Pengamat Ekonomi perdagangan internasional dari Universitas Indonesia Fithra Faisal mengatakan, cara ini dapat mendistorsi pasar nasional. Sehingga, Kementan dan Kemendag diminta pula tidak menerbitkan rekomendasi, sekaligus izin impor untuk bawang putih kepada Bulog.
“Dalam hal ini pilihan paling bijak adalah meng-hold (izin), baik dari Kementerian Pertanian maupun dari Kementerian Perdagangan,” ujar Fithra Faisal, kepada wartawan di Jakarta, Rabu (27/3).

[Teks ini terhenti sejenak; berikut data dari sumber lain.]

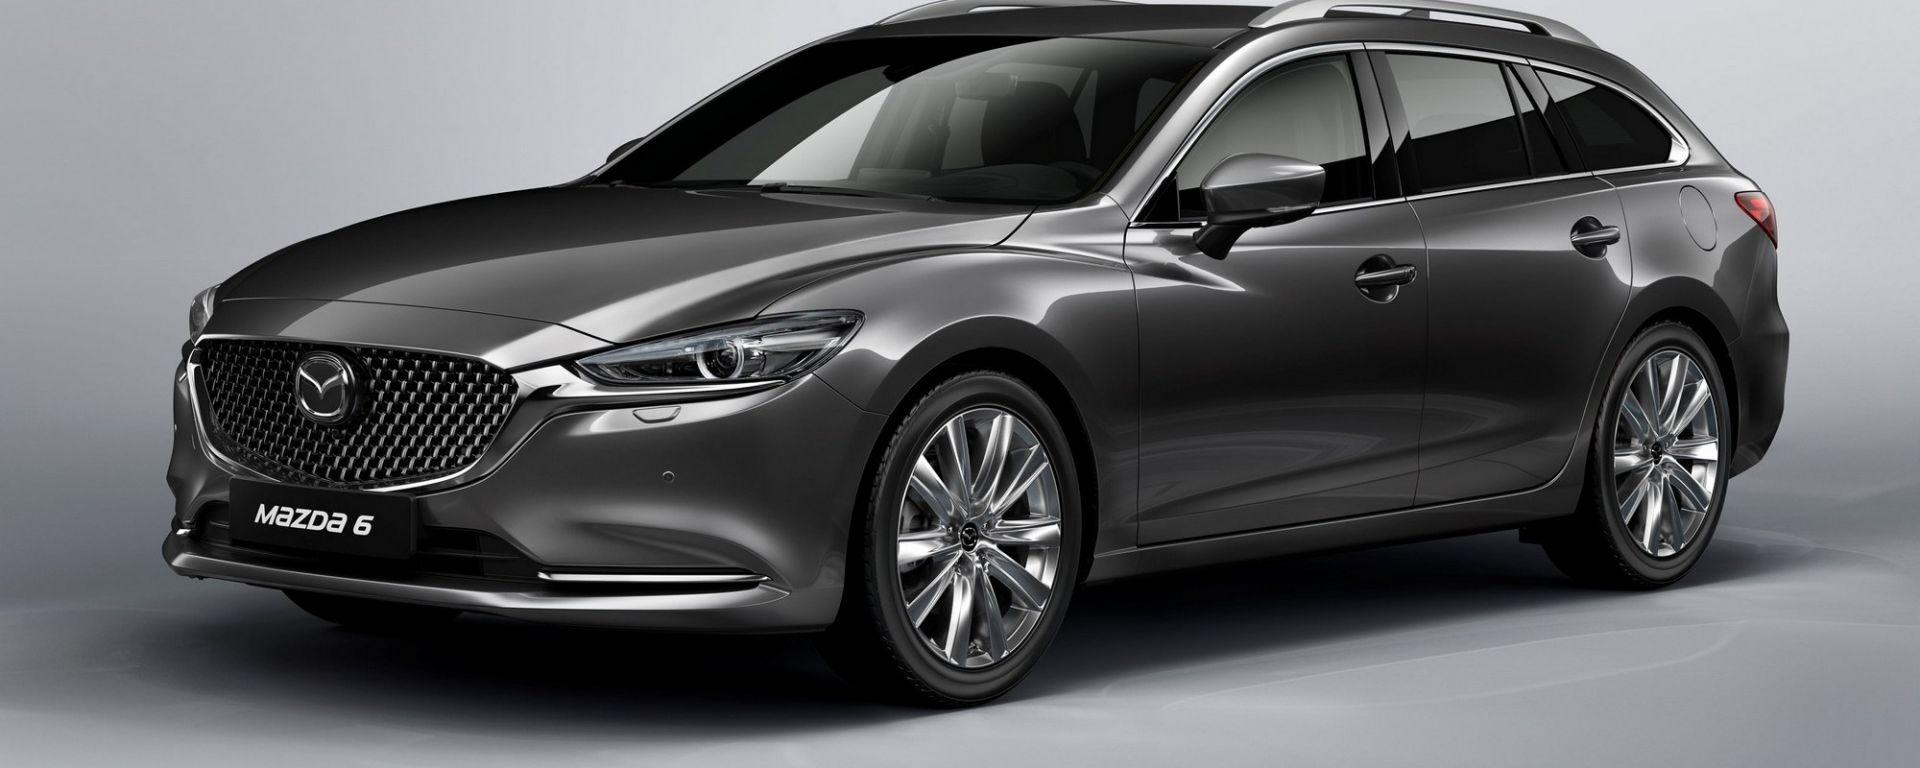 Nuova Mazda 6 Wagon 2018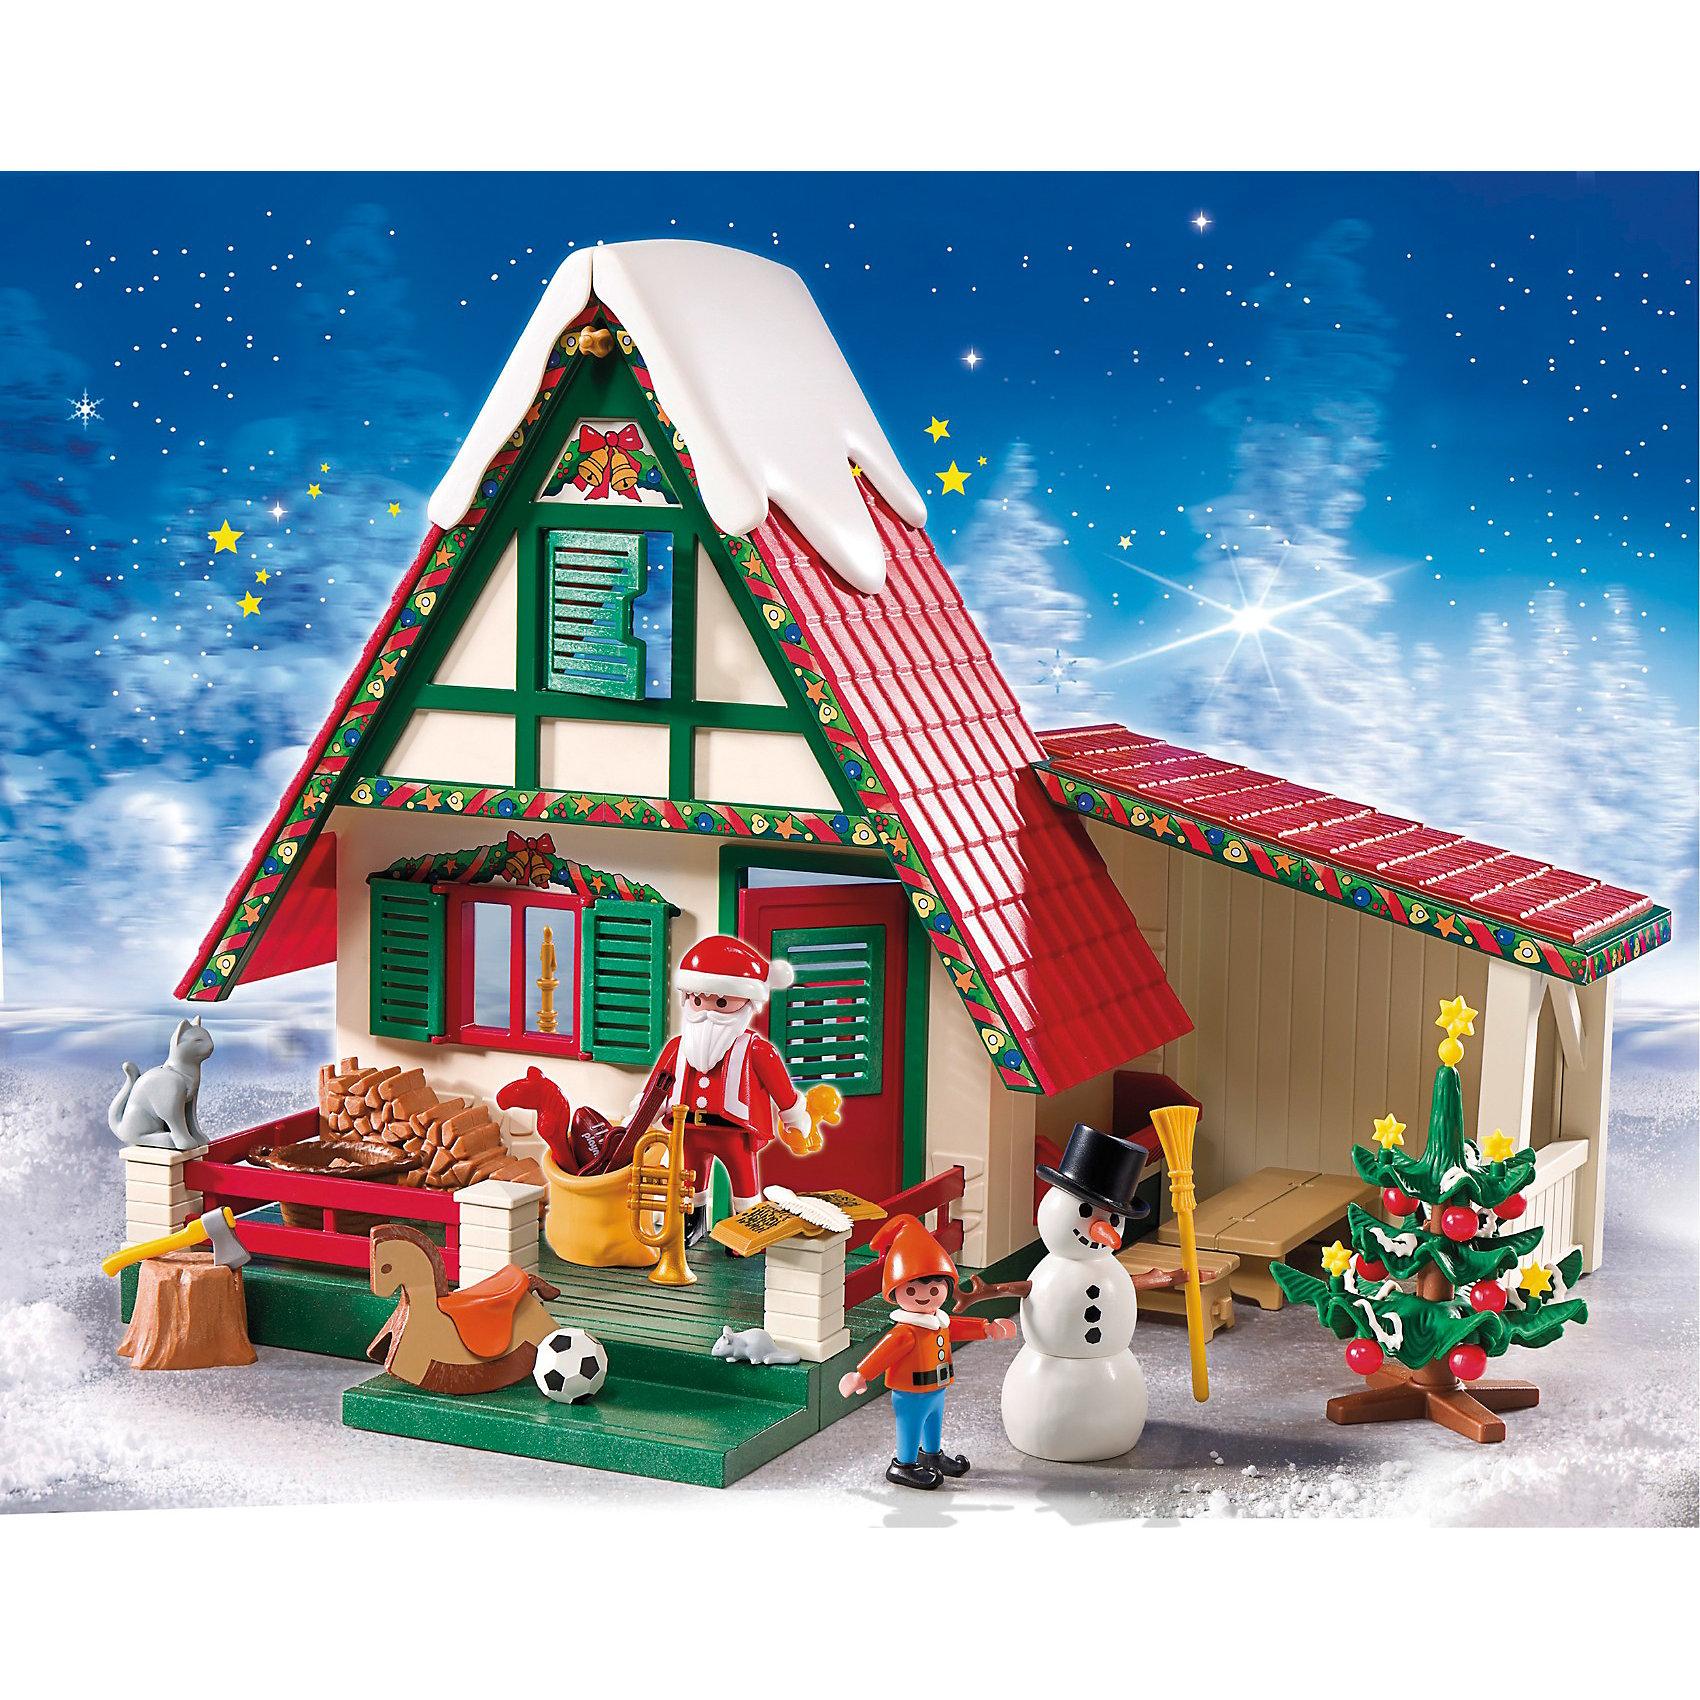 Дом Санта-Клауса, PlaymobilХарактеристики игрушки:<br><br>• Предназначение: для сюжетно-ролевых игр<br>• Пол: универсальный<br>• Цвет: красный, зеленый, белый<br>• Материал: пластик<br>• Комплектация: 128 предметов<br>• Вес: 540 гр.<br>• Размеры домика: 30 см<br><br>Дом Санта-Клауса, Playmobil – это набор деталей и предметов для сбора домика Санта-Клауса.  Комплект состоит из 128 предметов, среди которых элементы для постройки дома и гаража, предметы интерьера, домашние животные и, конечно же, сам Санта-Клаус и новогодняя елка. Игрушка выполнена из экологически безопасного материала – пластика, все детали окрашены экологически безопасными красками. <br><br>Дом Санта-Клауса, Playmobil подарит не только увлекательные игры в новогодние праздники, но и станет красивым интерьерным украшением к празднику. <br><br>Дом Санта-Клауса, Playmobil можно купить в нашем интернет-магазине.<br><br>Подробнее:<br>Для детей в возрасте: от 4 до 10 лет<br>Номер товара: 3536867<br>Страна производитель: Китай<br><br>Ширина мм: 506<br>Глубина мм: 401<br>Высота мм: 104<br>Вес г: 1396<br>Возраст от месяцев: 48<br>Возраст до месяцев: 120<br>Пол: Унисекс<br>Возраст: Детский<br>SKU: 3536867

Dia meminta, Komisi Pengawas Persaingan Usaha (KPPU) Harus bersinergi dengan kedua kementerian tersebut. Sehingga, jalan keluar nondiskriminatif dari masalah kurangnya pasokan bawang putih nasional dapat teratasi.
Fithra mengingatkan, kebijakan yang mengarah pada perbedaan perlakuan antar pengusaha maupun BUMN tidak seharusnya terjadi. Sebab, kebijakan tersebut seharusnya didiskusikan dulu dengan pelaku usaha agar ada kesepakatan.
Dia memaparkan, perbedaan perlakuan impor bawang putih oleh Bulog yang tidak perlu menanam 5% dari volume impor dinyatakan Fithra dan ekonom Faisal Basri, melanggar prinsip diskriminasi internasional yang dikeluarkan WTO. Hal sama juga dikritisi oleh peneliti dari Lembaga Riset Visi Teliti Saksama Nanug Pratomo.
Pengamat ekonomi Faisal Basri menyatakan, rencana pemberian wewenang impor bawang putih kepada Bulog sebagai tindakan rente.
Ia bahkan menyebutkan kesalahan tindakan Bulog dalam melaksanakan tugasnya sebagai lembaga stabilisasi harga pangan tidak hanya terjadi pada kasus bawang putih, melainkan juga pada kontrol bahan pangan lainnya, seperti gula, garam, hingga ban.
“Jadi memang sudah rusak. Bulog bikin pabrik pakan ternak atau memproduksi pakan ternak, emangnya dia apa sih? Bulog kan lembaga stabilisasi harga yang dilakukan dengan cara dia beli di pasar kalau harga anjlok, melimpah. Dan dia jual ke pasar kalau terjadi kelangkaan. Kalau dia punya pabrik itu kan namanya sudah zalim dia,” tegas Faisal.
Sementara, Nanug Pratomo mengkritisi, diskresi kepada Bulog terkesan sebagai penyelewengan atas tugas utama Bulog. Seperti juga Faisal Basri, Nanug mengingatkan, dasar pembentukan Bulog sendiri bukanlah sebagai perusahan dagang, apalagi untuk keperluan impor.